I admit to having difficulty believing that a company with as much experience as Zamperla would make that sort of mistake, and even if they did, it’s even harder to believe that the company would leave such a key system bypassed. There’s virtually no upside for them and no end of downside. (That’s true for Martin, too, but one might assume that an experienced company would recognize the risks more clearly than an individual.)


But it may well be enough to convince a jury that the prosecution hasn’t proved the case beyond a reasonable doubt—or at least enough to get the jury to settle on a lesser-included offense.


I’m off to Chicago for a couple of days so I may not be posting much.


5/16/05

Martin Guilty of Reckless Homicide.
So CourtTV reports.

5/17/05>

So, why did it end up as reckless homicide? Two general thoughts.

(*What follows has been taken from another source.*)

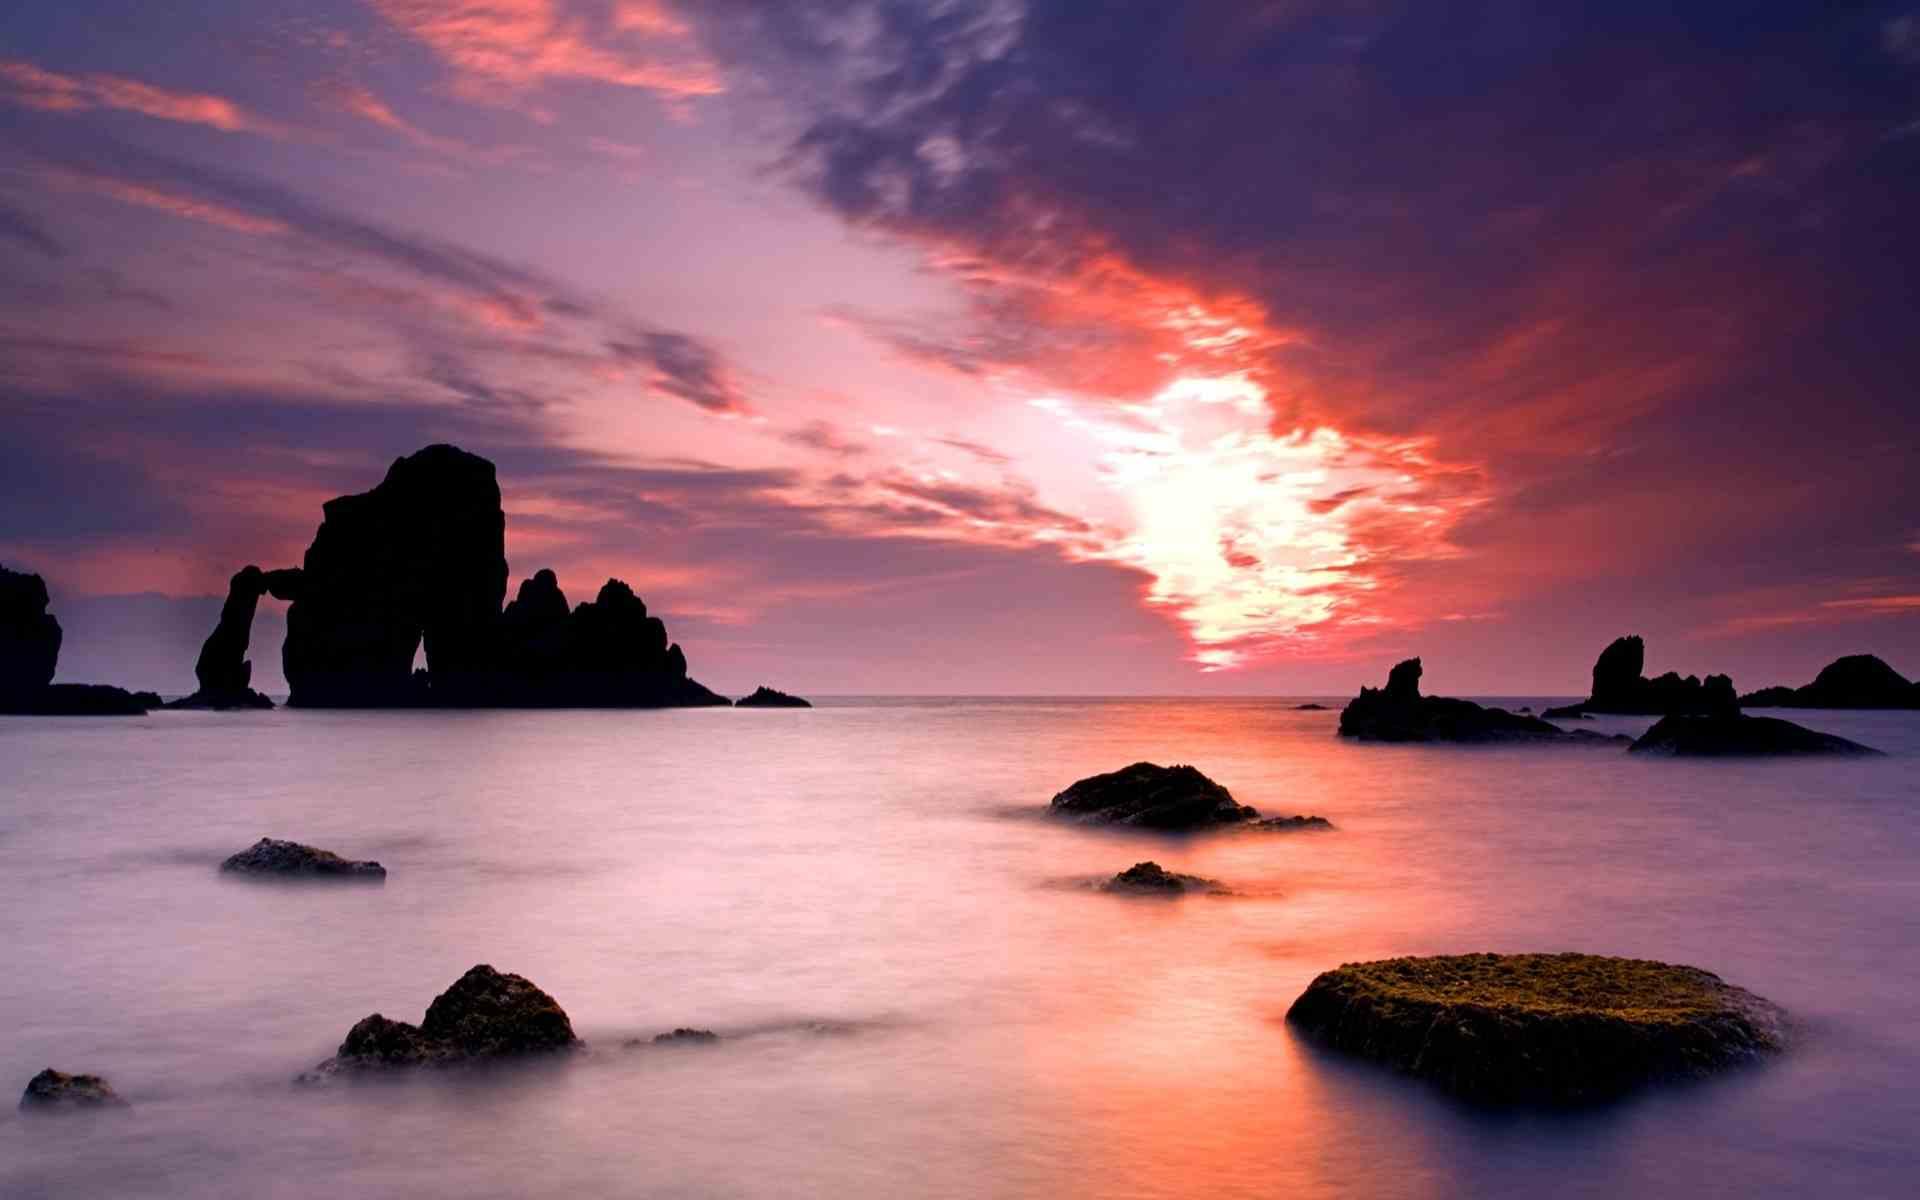 Pink Sunset Wallpaper Hd Wallpapersafari

The first issue is why it wasn’t the greater charge of second-degree murder. That seems likely to have been the defense’s succcessful pointing at others having access to the panel and the story of the ride as having trouble in general. I think a jury could reasonably conclude that someone else may well have put the jumper in place but that Martin was reckless in failing to see and investigate the jumper, or, alternatively, that he put it there but didn’t fully appreciate the danger created due to the alleged lack of a complete manual.


But why not acquittal? Lots of observers thought that might be coming, and even the victim’s son said he wasn’t sure he’d vote to convict.

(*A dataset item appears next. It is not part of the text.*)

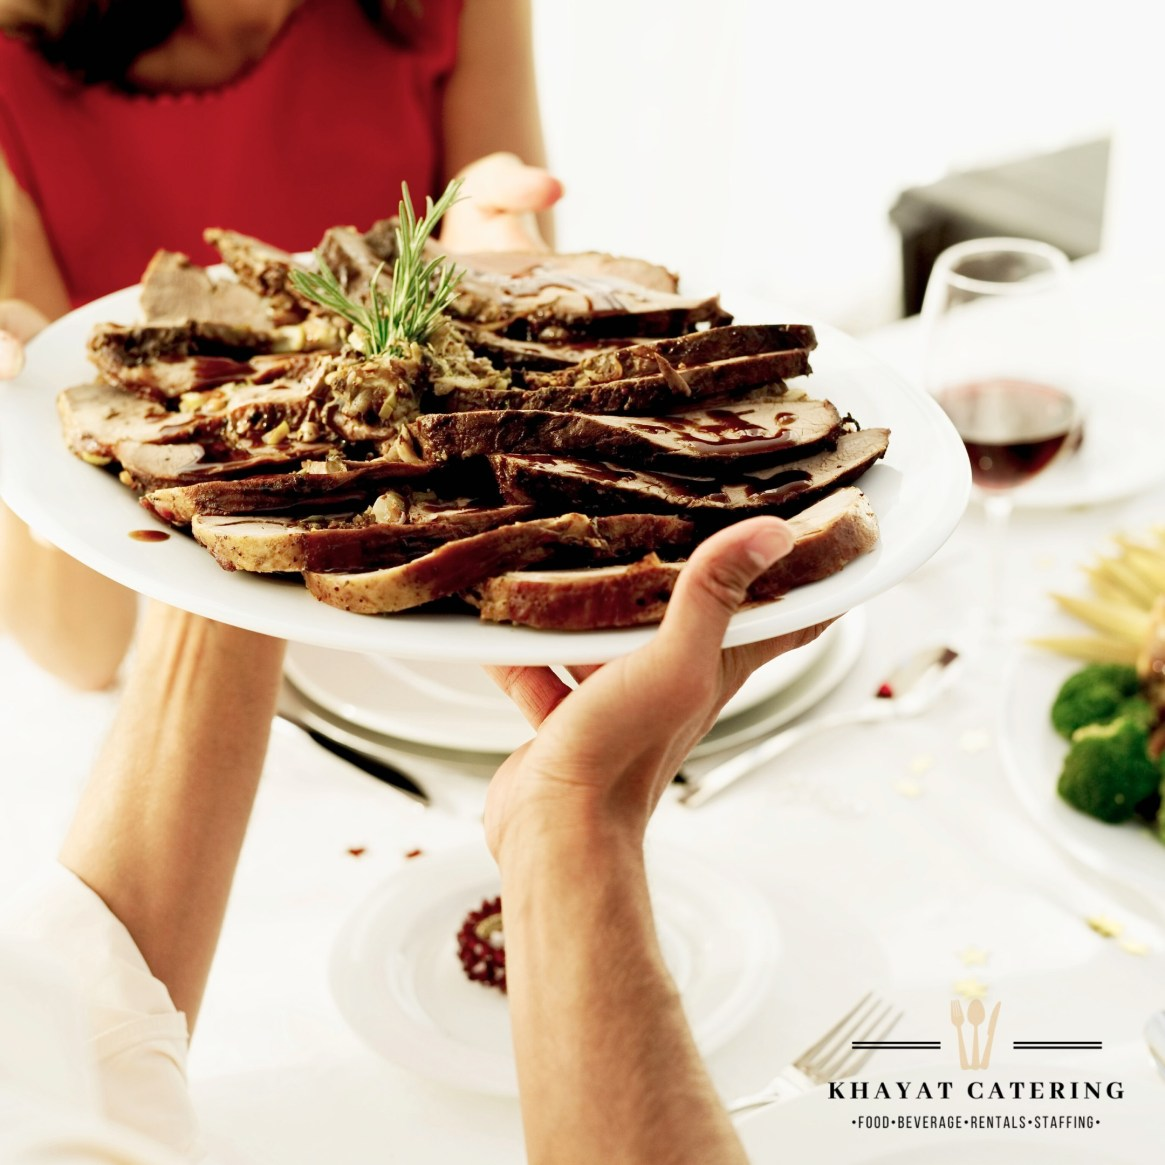 Khayat Catering sliced roast bee

I think the defense experts may have overreached in arguing that the ride could not have operated without the jumper in place. The evidence indicated that the ride had in fact operated evidently without it, as ride operators testified that the ride would stop working due to restraints not being in place—and if the jumper was in place, that wouldn’t have happened, so that is pretty solid evidence that in fact the jumper was not required for the ride to operate. If the jury concluded that those experts were overreaching in those statements, they’re likely to have considered the defense testimony more generally to be lacking in credibility.


Regardless, the civil case against Zamperla is at least more interesting now than it was before.

5/17/05

Juror interview is here. Seems to match up with my thoughts on the jury’s thinking.

7/26/05

I don’t have the sense if it’s unusual for the charge for which he was convicted, but Charles Martin was sentenced to probation in the Hawk death at Rockin’ Raceway.


I’ll eventually try to look to see if jail time is common in Tennessee. I suspect the sentence reflects some hesitation by the judge on whether the evidence fully supported a conclusion that Martin in fact placed the jumpers there, or instead simply should have been aware of them. (The judge refused a motion for acquittal or new trial, so I expect he agrees with the jury that Martin did something wrong.)

8/26/05

The family of Carol Sevier, killed on the Hawk (Zamperla) at Rockin’ Raceway, has settled their lawsuit against the park owner. Their products liability suit against Zamperla remains active. I’ve written fairly extensively about the case (especially about the criminal trial last spring); search for “Hawk” in the search box and you should find most everything.